== Data shown ==
------------

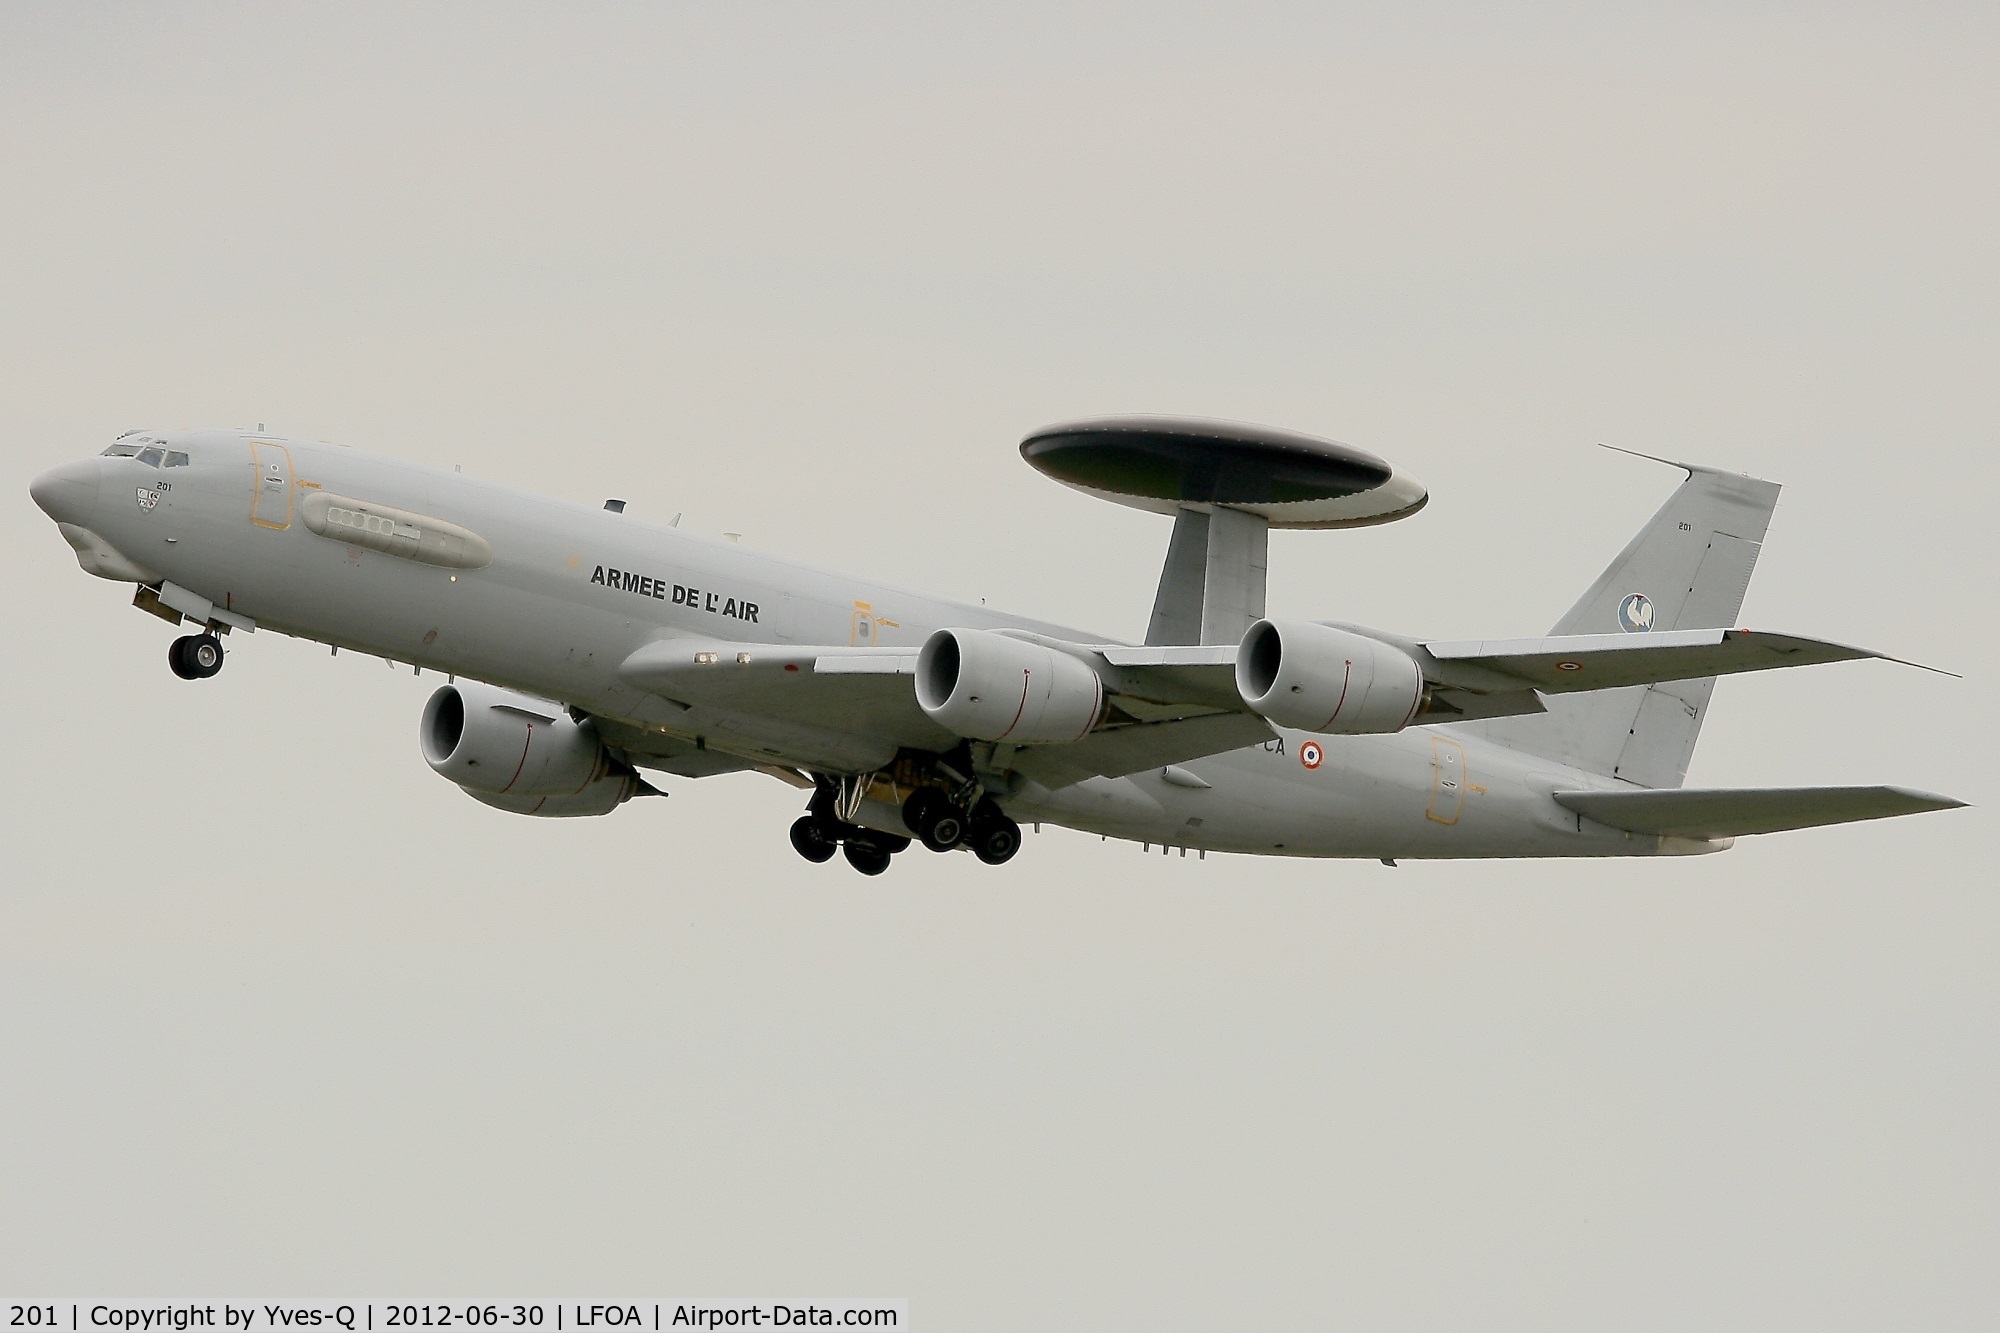 201, 1990 Boeing E-3F Sentry C/N 24115, French Air Force Boing E-3F SDCA, Take off rwy 24, Avord Air Base 702 (LFOA)  Open day in june 2012
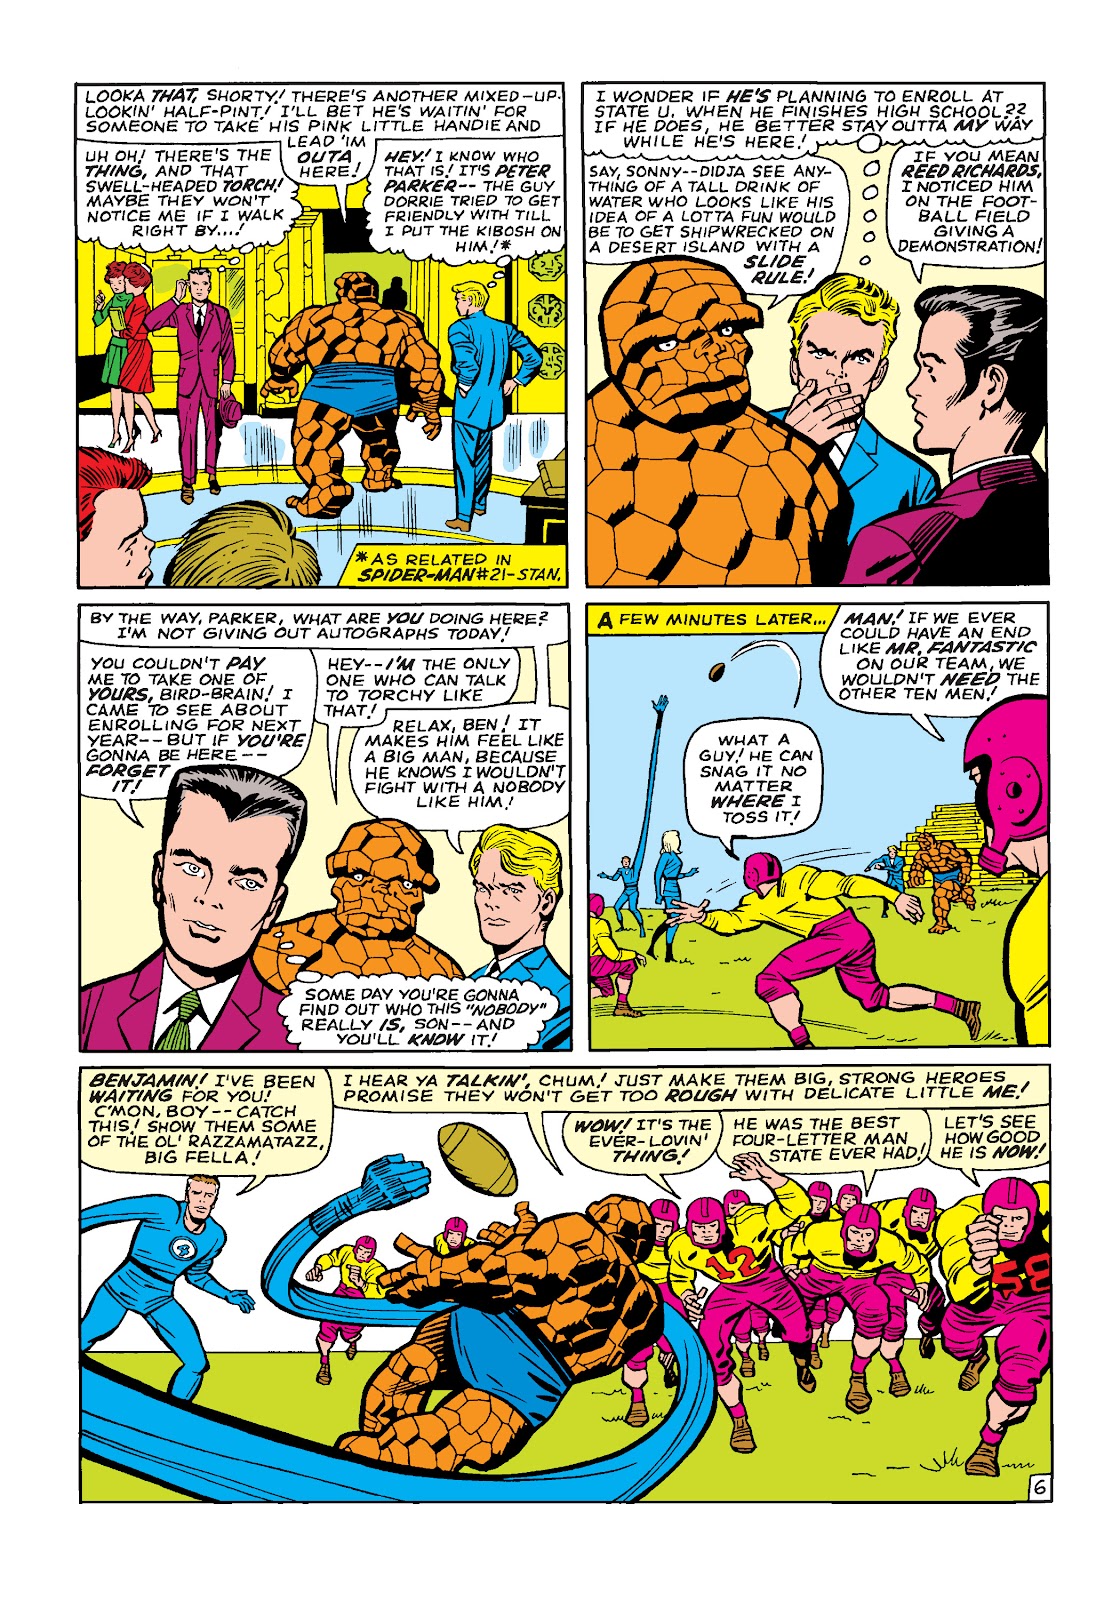 Read online Marvel Masterworks: The Fantastic Four comic - Issue # TPB 4 (Part 2) - 50
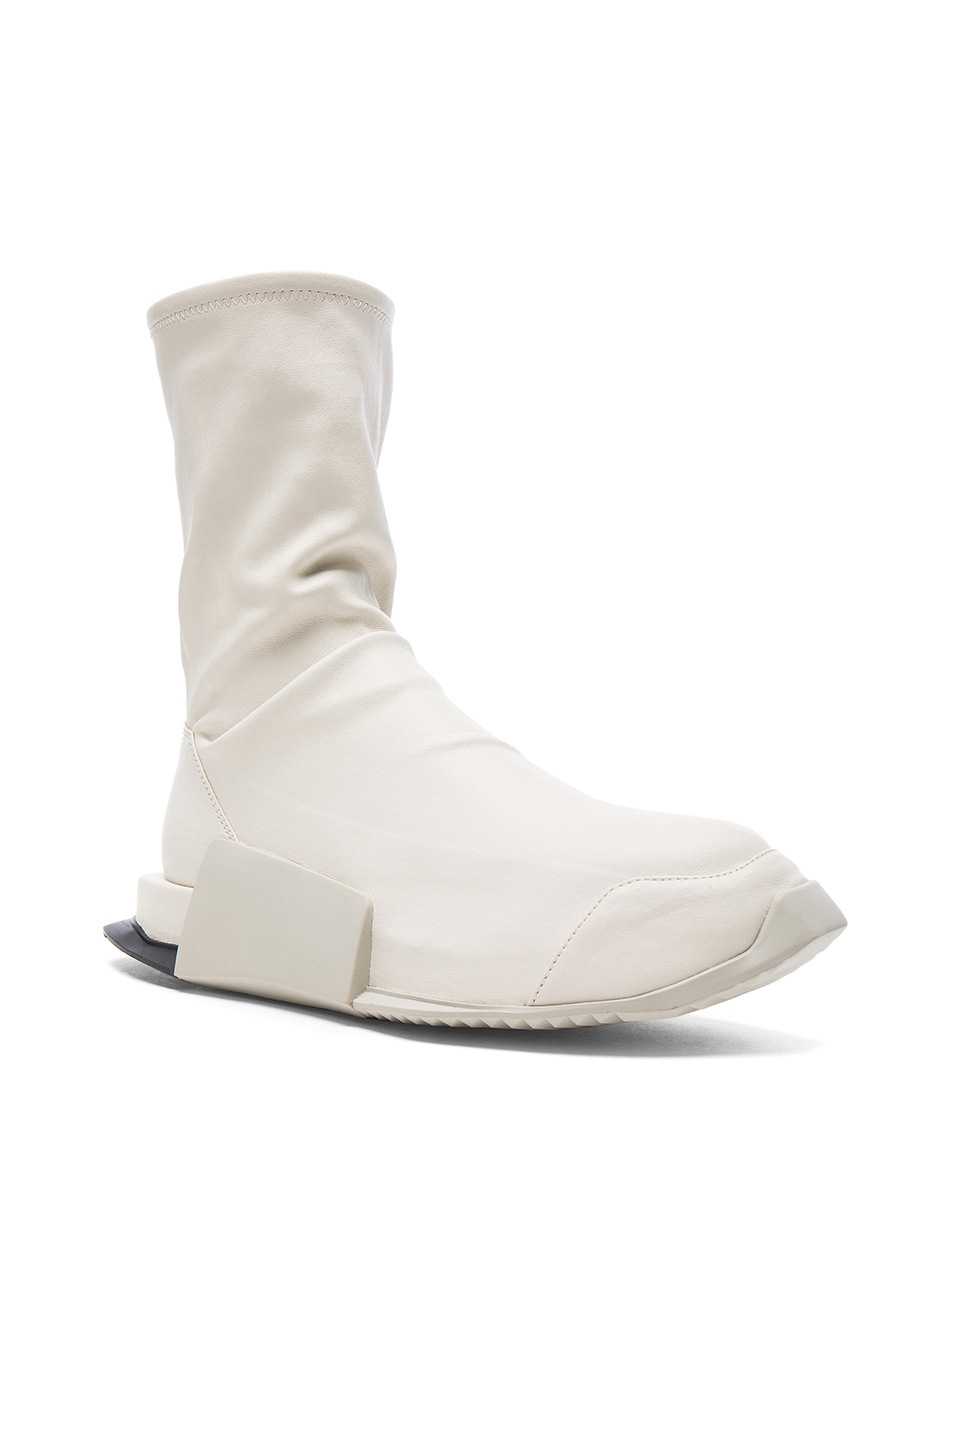 Image 1 of Rick Owens x Adidas Level Stretch Leather Socks in White
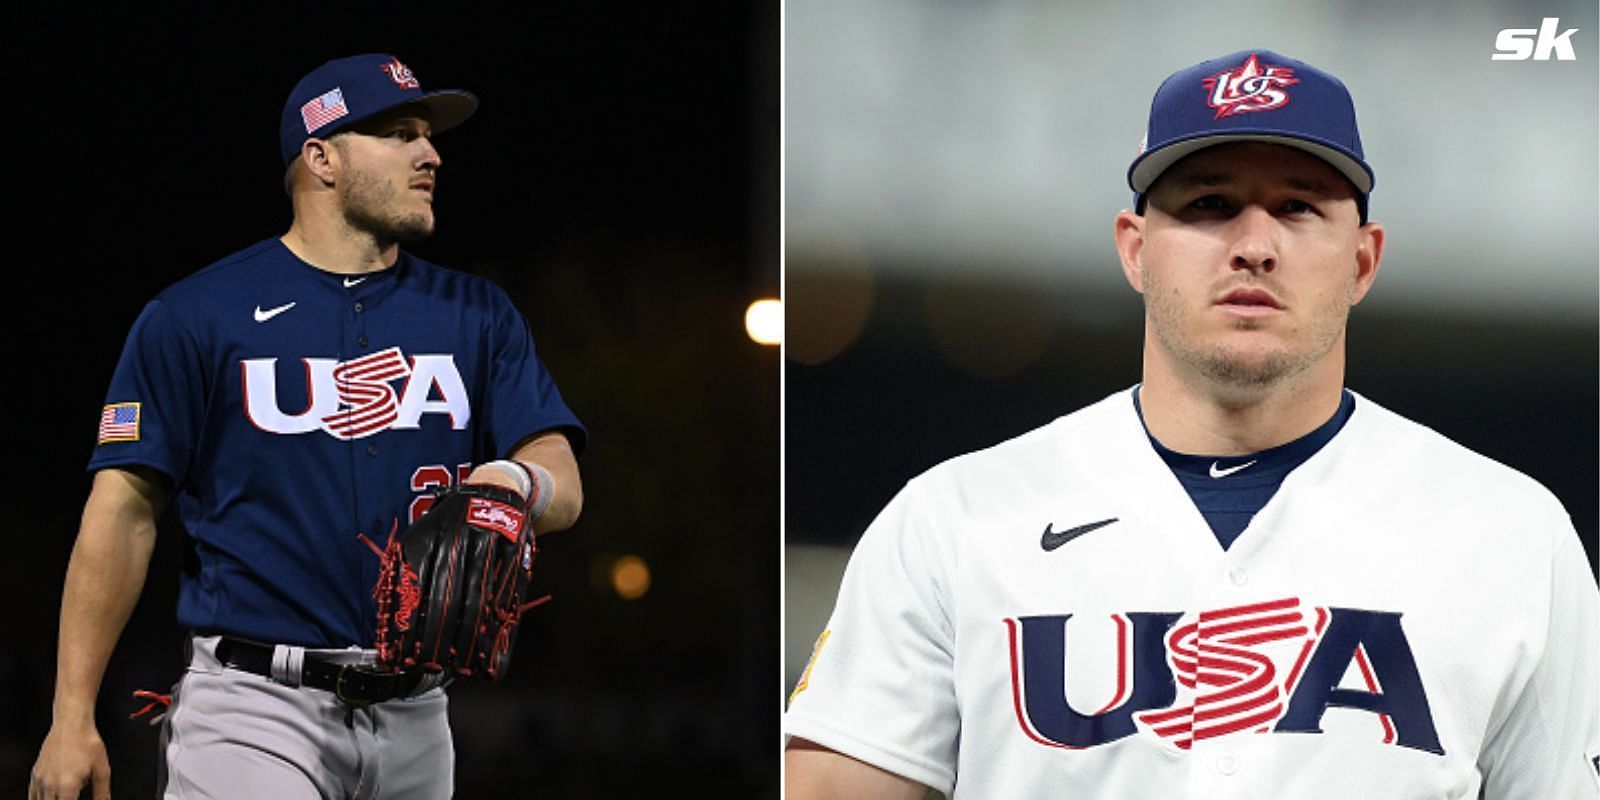 Mike Trout talked about leading Team USA to WBC 2023 finals

------------

== Your goal ==
Except for the pictures, please retype the listing above exactly.

== Response to this task ==
 201, 1990 Boeing E-3F Sentry C/N 24115, French Air Force Boing E-3F SDCA, Take off rwy 24, Avord Air Base 702 (LFOA)  Open day in june 2012
 Read online Marvel Masterworks: The Fantastic Four comic - Issue # TPB 4 (Part 2) - 50
 Image 1 of Rick Owens x Adidas Level Stretch Leather Socks in White
 Mike Trout talked about leading Team USA to WBC 2023 finals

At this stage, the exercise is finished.